[Work request]:
Every line of the data below is to be given again as it appears, with the images removed.

[Supplied data]:
━━━━━━━━━━━━━━━━
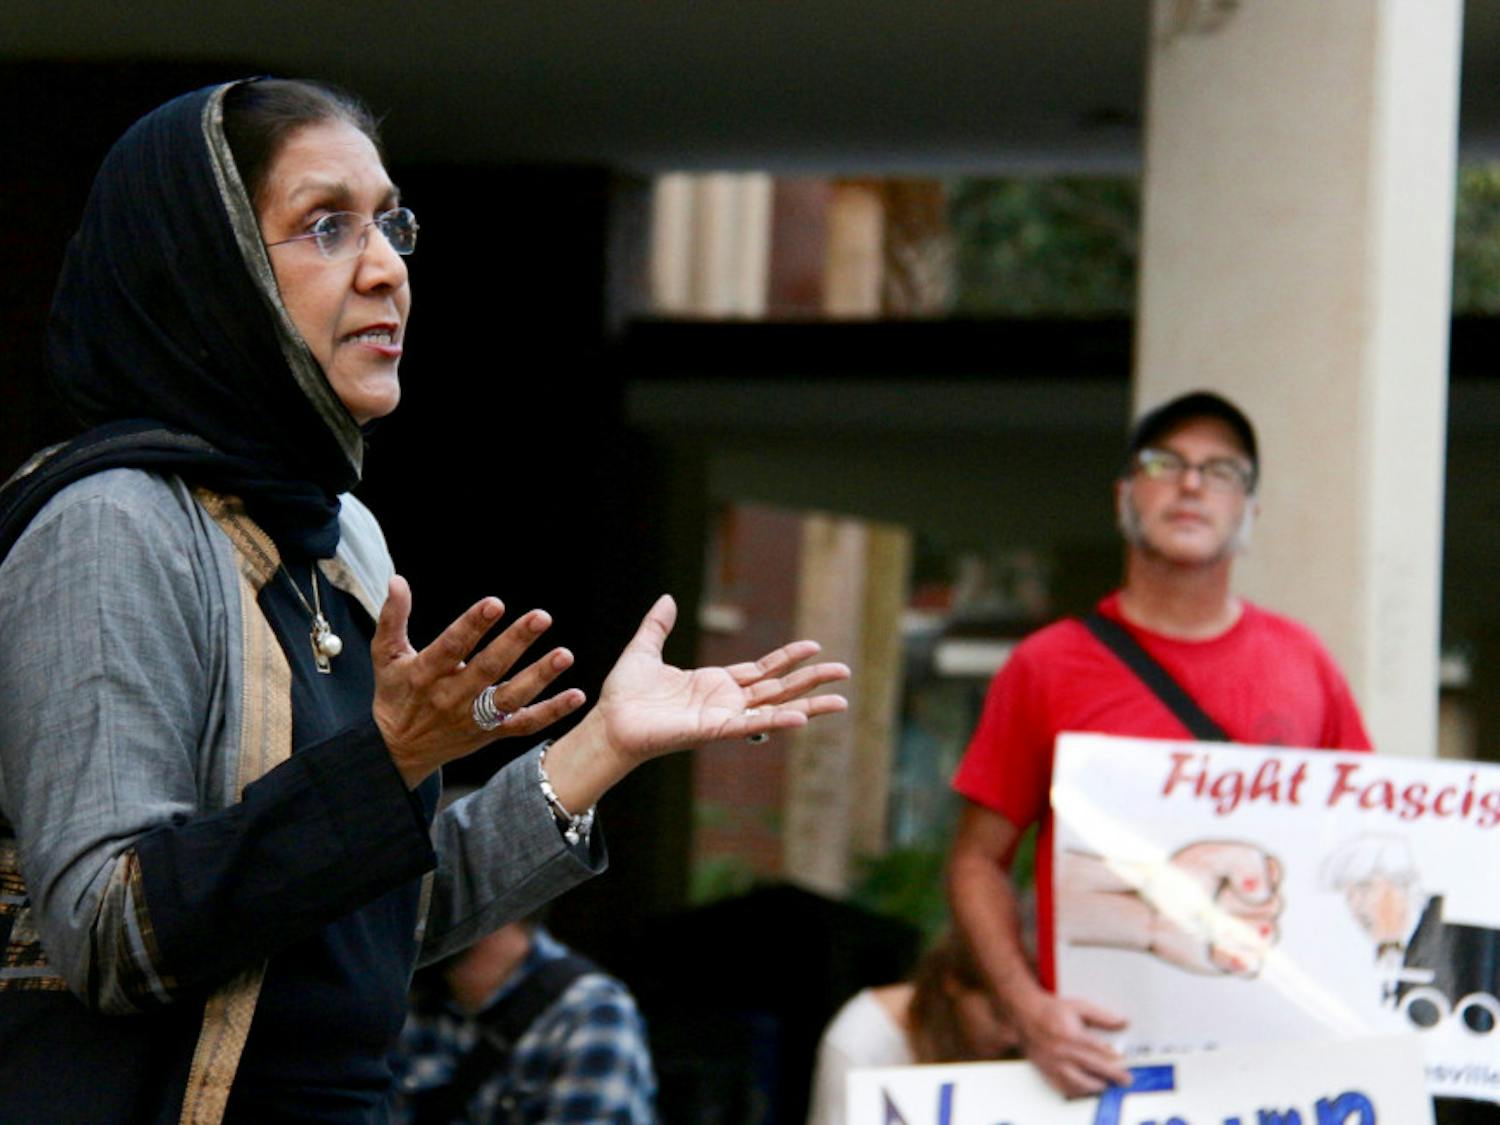 Indian-American immigrant Aqueela Khuddus, 63, explains to a group of about 30 people how welcoming Americans were when she emigrated to the U.S. about 50 years ago. The director of a nonprofit organization, the Khadija Foundation, was one of five speakers at the Rally Against Fascism and Xenophobia held on the Plaza of the Americas on Monday night.
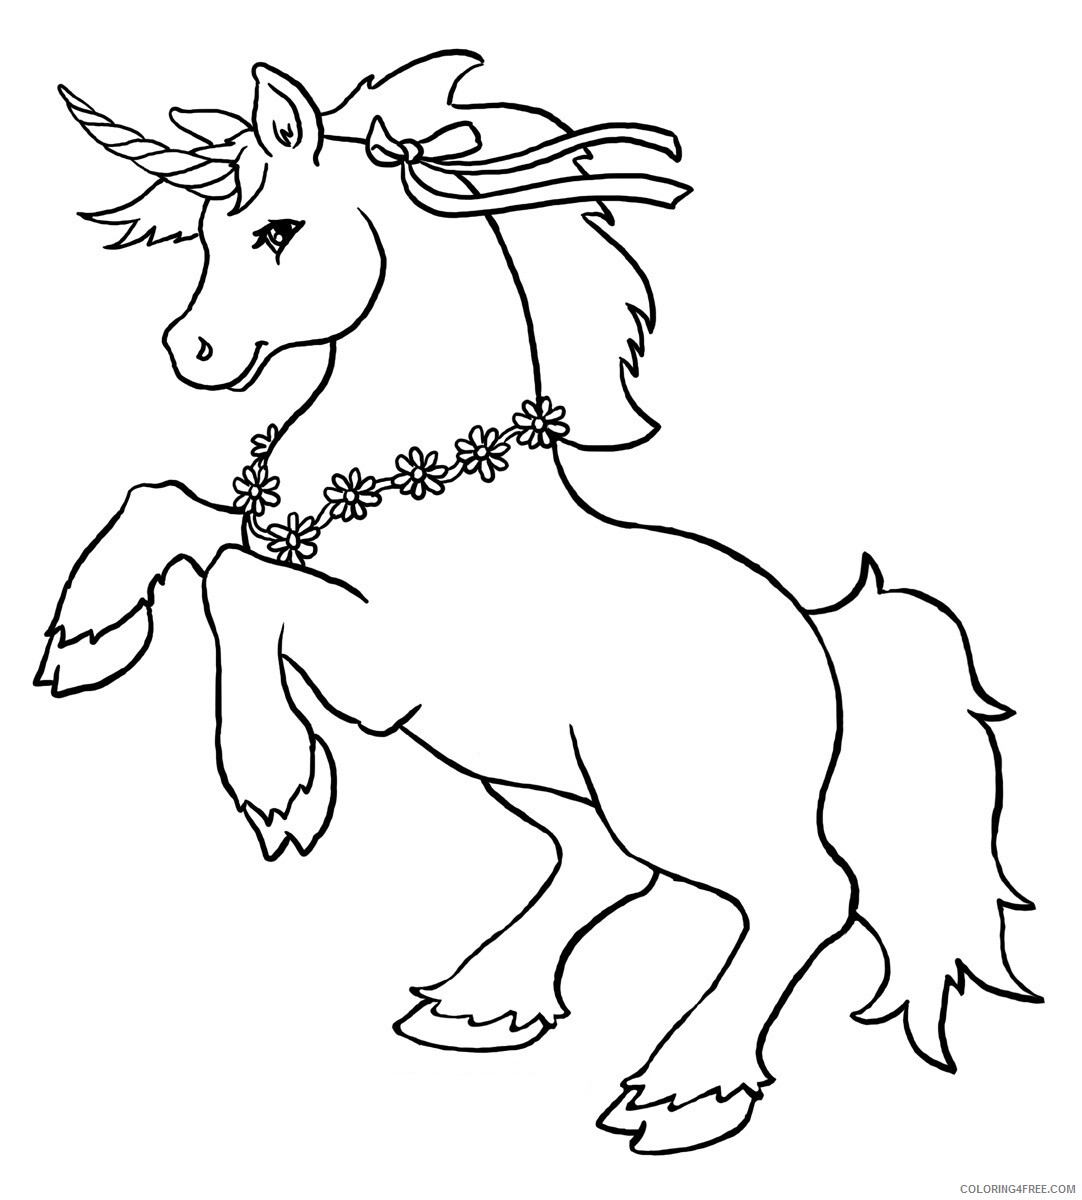 Unicorn Coloring Pages Cute Unicorn Printable 2021 6029 Coloring4free
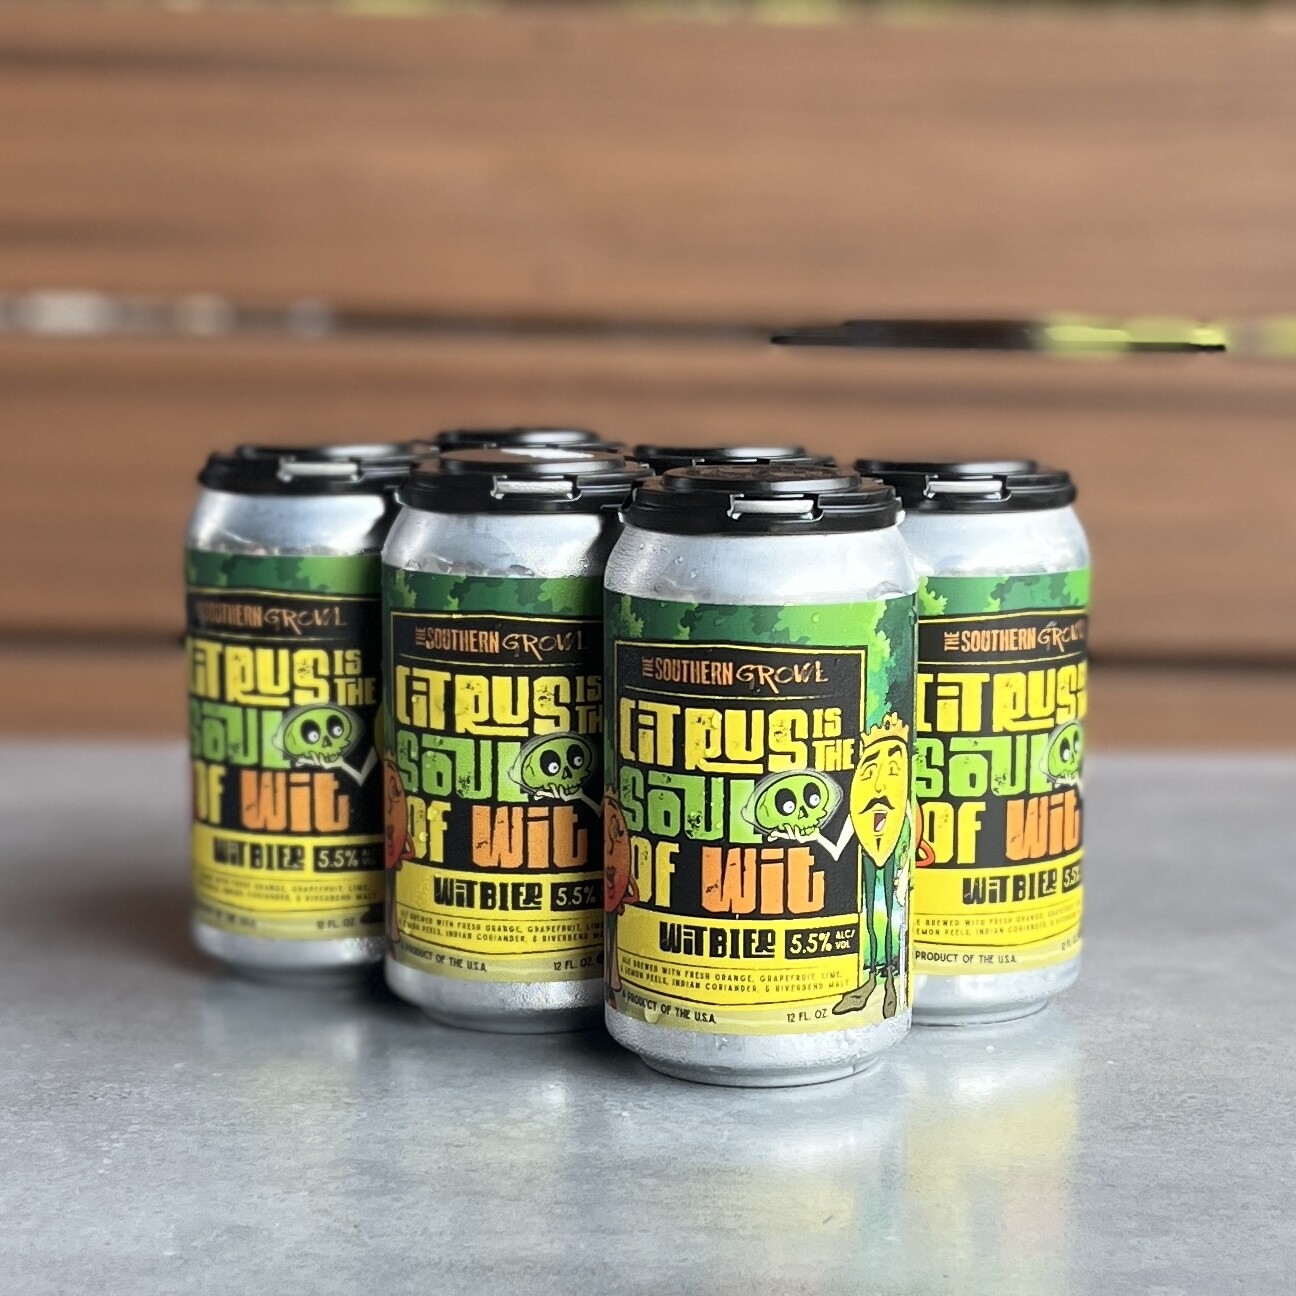 The Southern Growl Citrus Is The Soul Of Wit (6pk)
━━━━━━━━━━━━━━━━
[Answer to this exercise]:
 Indian-American immigrant Aqueela Khuddus, 63, explains to a group of about 30 people how welcoming Americans were when she emigrated to the U.S. about 50 years ago. The director of a nonprofit organization, the Khadija Foundation, was one of five speakers at the Rally Against Fascism and Xenophobia held on the Plaza of the Americas on Monday night.
 Unicorn Coloring Pages Cute Unicorn Printable 2021 6029 Coloring4free
 The Southern Growl Citrus Is The Soul Of Wit (6pk)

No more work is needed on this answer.